UK government pauses free mining for robots

Repair robot rights!

THE UK government is pausing a proposal to give free access to all copyright works for the purposes of "text and data mining". At a "Westminster Hall debate" in Parliament on 1 February the minister responsible, George Freeman MP, confirmed that the proposal is not supported by the evidence received and the views voiced by the creative sector.

Robot's attempt at picturing the Westminster Hall meeting

"A debate in the Westminster parliament on exceptions to copyright, in the style of Artemisia Gentileschi", generated from that prompt by Dall-e-2 - which has clearly learned nothing about the great female artist

A Westminster Hall debate is a non-binding Parliamentary discussion - but this one produced a result. It was initiated by Sarah Olney, Liberal Democrat MP for Richmond Park. She Tweeted that this is "a huge win for millions employed in creative spaces across the UK," and she "look forward to seeing the updated proposals."

Sarah Olney is also LibDem spokesperson for Business and Industrial Strategy. Introducing the debate, she reported on a survey of creative workers and quoted one response: "Why should an AI company be able to blatantly copy and capture the 'essence' of how I compose music and monetise it, for free?"

A British Copyright Council member reports that in addition a commitment was made that the analysis of the original consultation would be created as a "lessons learned" exercise in order to determine how evidence had been weighed and informed the decision to proceed. That looks to the Freelance like a subtle and very parliamentary rebuke.

The minister said that there would be a further consultation. Once more we sharpen our pencil.

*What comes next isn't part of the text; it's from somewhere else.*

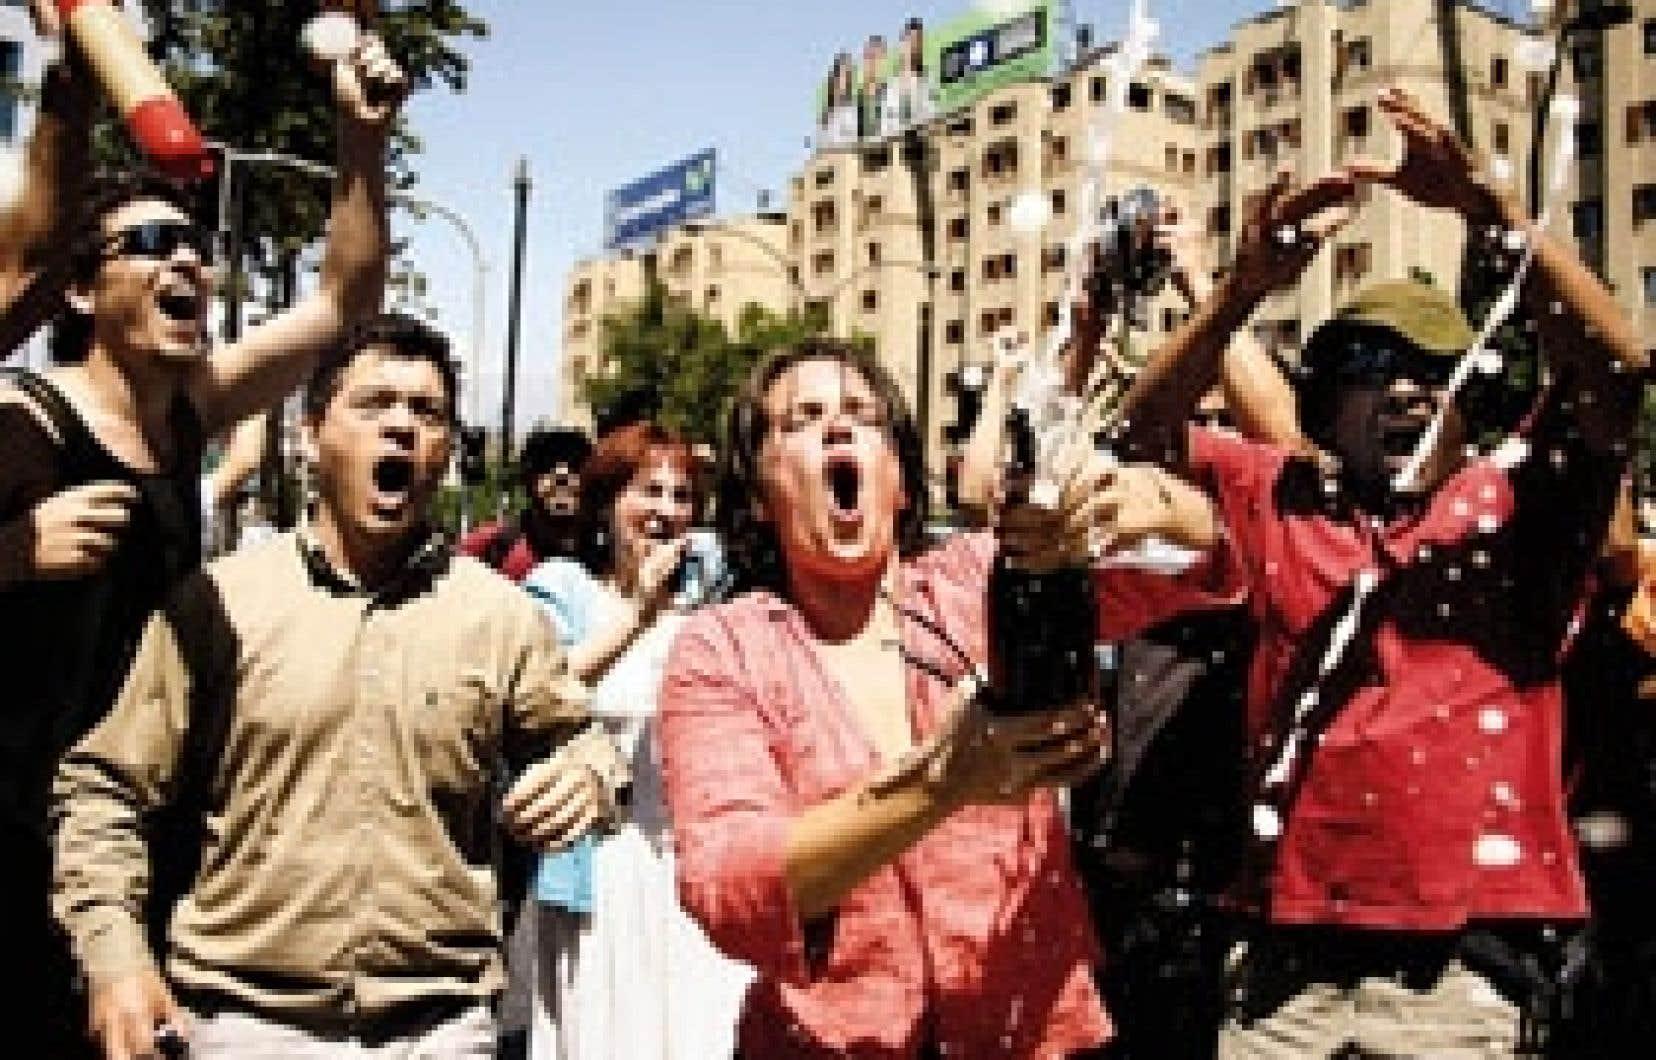 Des milliers de personnes ont laissé exploser leur joie, hier à Santiago, certaines débouchant même le champagne, après l'annonce de la mort d'Augusto Pinochet, dont la dictature s'est étendue de 1973 à 1990.
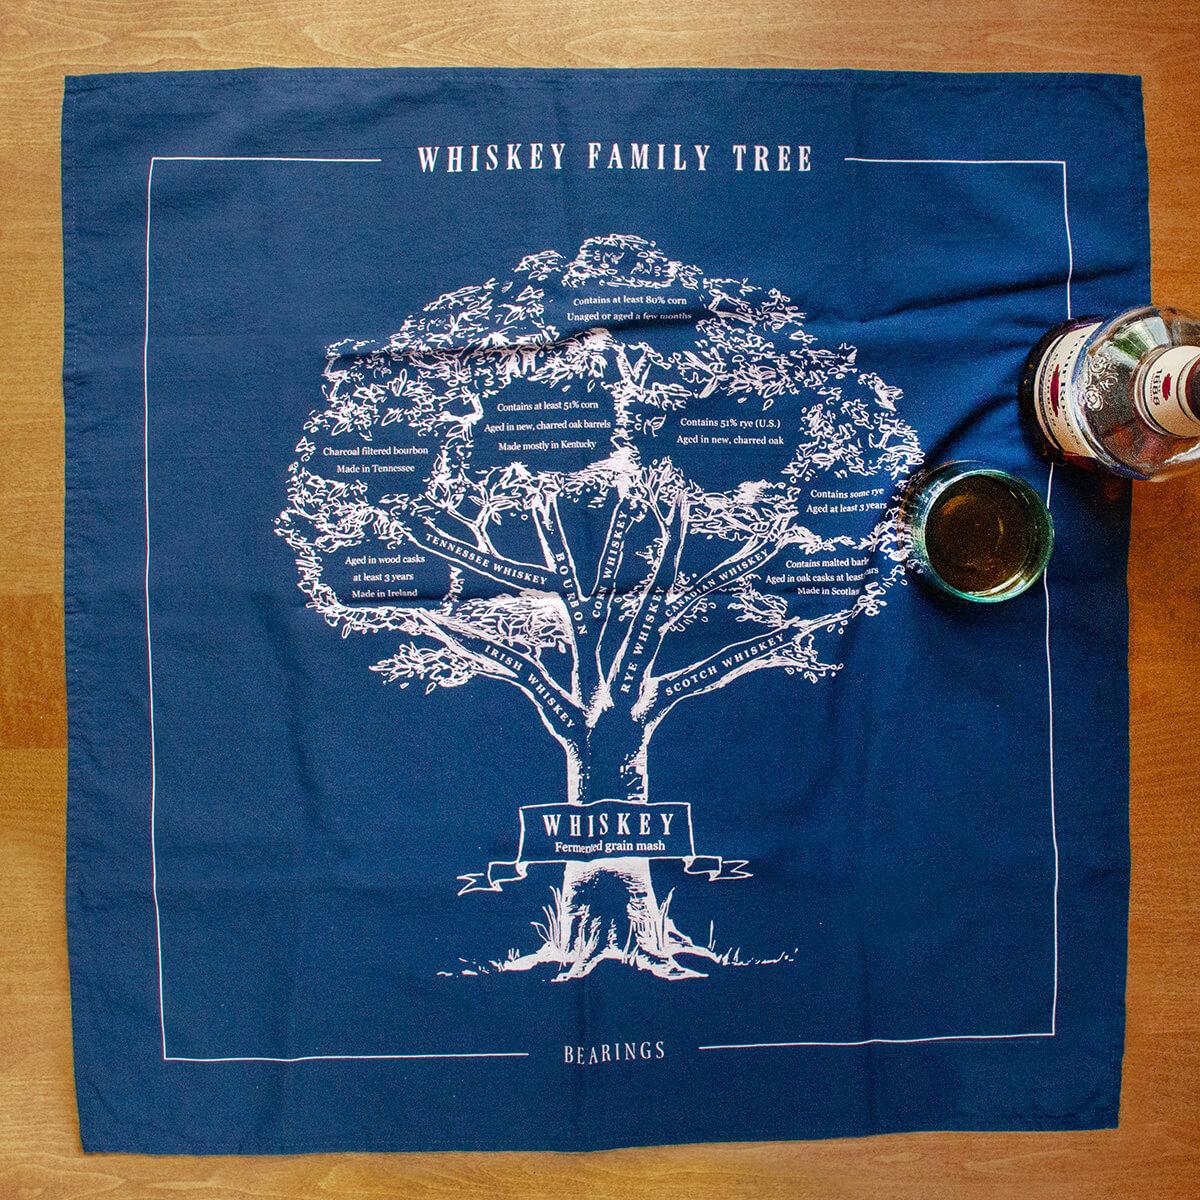 whiskey-family-tree-bandana-03.jpg

The proposal was that all online text, images and other data would be opened up for the purposes of training machine-learning systems - often marketed as "artificial intelligence" or AI. The European Union Digital Single Market directive introduced an "exception" to copyright allowing such copying for non-profit purposes. This (naturally) turned out to be problematic. For example the LAION dataset of images, used to train the Midjourney machine-learning image generator, claims that it gathered images for non-profit research under the German implementation of EU law; but Midjourney appears to be heading toward being a for-profit operation.

Robot's attempt at picturing the Westminster Hall meeting

"A debate in the Westminster parliament on exceptions to copyright, in the style of Vermeer", generated from that prompt by Dall-e-2 - which seems to have met the male artist

Back in the USA

A lawsuit was launched on 13 January against MidJourney and another image-generating machine-learning system, Stable Diffusion. The plaintiffs' website at stablediffusionlitigation.com declares that "AI needs to be fair & ethical for everyone". The lawsuit also challenges DeviantArt, a website (or, as it would prefer, "community") where people display their creations. These works formed part of the dataset used to train the image-generating systems. As the plaintiffs put it, "rather than stand up for its community of artists by protecting them against AI training, DeviantArt instead chose to release DreamUp, a paid app built around Stable Diffusion. In turn, a flood of AI-generated art has inundated DeviantArt, crowding out human artists."

This lawsuit uses the same legal firm as another lawsuit in the US, against GitHub - a cloud-computing repository for computer program code owned by Microsoft. Its "Copilot" is a machine-learning system that suggests what line of code a programmer might like to write next. Programmers involved in the lawsuit say that chunks of their code appear verbatim.

Both these cases are interesting because many of the artists and programmers chose to make their work publicly available; but many did so with a requirement that they be credited. As the Freelance has long pointed out, "open source" initiatives such as the Creative Commons licences are not anti-copyright: they are a use of copyright to ensure that what's given away stays given. Thus many specify that derivative works may be distributed only under the same licence. So if an author releases a work for non-commercial use with a requirement that they be credited, it is a breach of that licence to distribute a derivative work in any other way.

Labelling required

Meanwhile the government of China has issued a regulation specifying that from 10 January any machine-learning output - whether images, robo-voice, chatbot or virtual reality - must be "marked prominently to avoid public confusion or misidentification". Technically, this puts it ahead of the EU in regulating against fake news.


6 February 2023

On 3 February photo library Getty Images filed a copyright and trademark infringement lawsuit against Stability AI in Delaware District Court. Getty alleges that Stability copied more than 12 million Getty photos to train Stable Diffusion. The full complaint is here. See reports from the BBC and Petapixel.

And in the Financial Times John Gapper argues that Generative AI should pay human artists for training. Of course. But what about future generations - how to meet the sub-title goal that "painters and singers need legal protection from the revolution in algorithmic creativity"?